Finished Reading: Skipping Christmas
by John Grishom

My rating: 3.5 / 5
Genre: Christmas farce

Skipping Christmas

With their adult daughter gone for a year near the beginning of the Christmas season, Luther and Nora Krank get it into their minds that they don’t need to do Christmas this year. Instead, they plan a Caribbean cruise, set to leave on Christmas day. But they find out that it’s not so easy to remove themselves from all of the trappings of Christmas and will have a difficult time making it to their cruise without giving in to at least some of the seasonal traditions.

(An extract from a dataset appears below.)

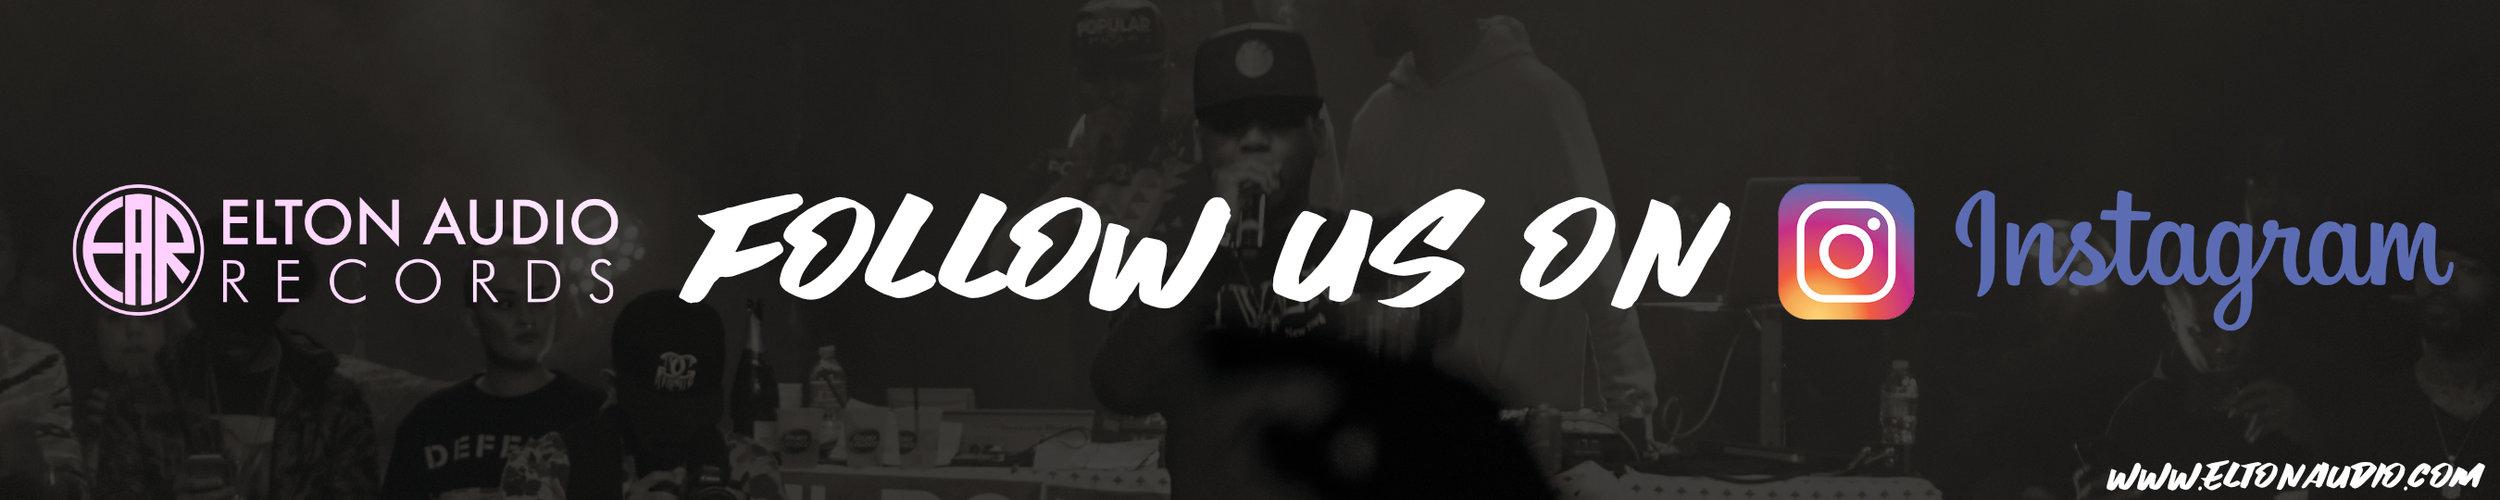 EAR Follow Us On Instagram.jpg

This was a quick, easy read that was mostly enjoyable. I can’t really say I connected with the main characters, but I did identify with them in some areas. There were some parts near the end that I didn’t predict, though I suspect many would, and one thing that I saw coming a mile away. Probably the most frustrating thing about the book is how unrealistic it seems.

To be fair, I can’t personally judge how realistic some parts of the book are, because the Kranks live in a type of neighborhood that I’ve never been part of, and run in circles the likes of which are foreign to me. However, much of what happened seemed quite over the top. But where that was a huge problem for others, I took it as a farce. Even if it is exaggerated, I think a lot of this might not be far from how a family (one that normally celebrates Christmas) would be treated if they tried to completely skip the holiday. There were also some things that the Kranks did in their quest to completely cut out all things Christmas that I felt were a bit ridiculous. However, I also agree with some of the commentary this book offers on how commercial Christmas has gotten, and how people seem to think that they can push certain boundaries during this season, just because it’s Christmas.

In the end, I am glad I read the book. The ending made me smile, even while I knew that it was trite and a bit too easy. There were some heartfelt moments in there. I do recommend this to anyone who wants a decent Christmas-themed read, especially for those who want to avoid the romance and sap of the more prevalent stories. I plan to watch the movie that was based on this book, Christmas with the Kranks, with my husband soon, and to be honest, I think he’s going to hate it. But who knows.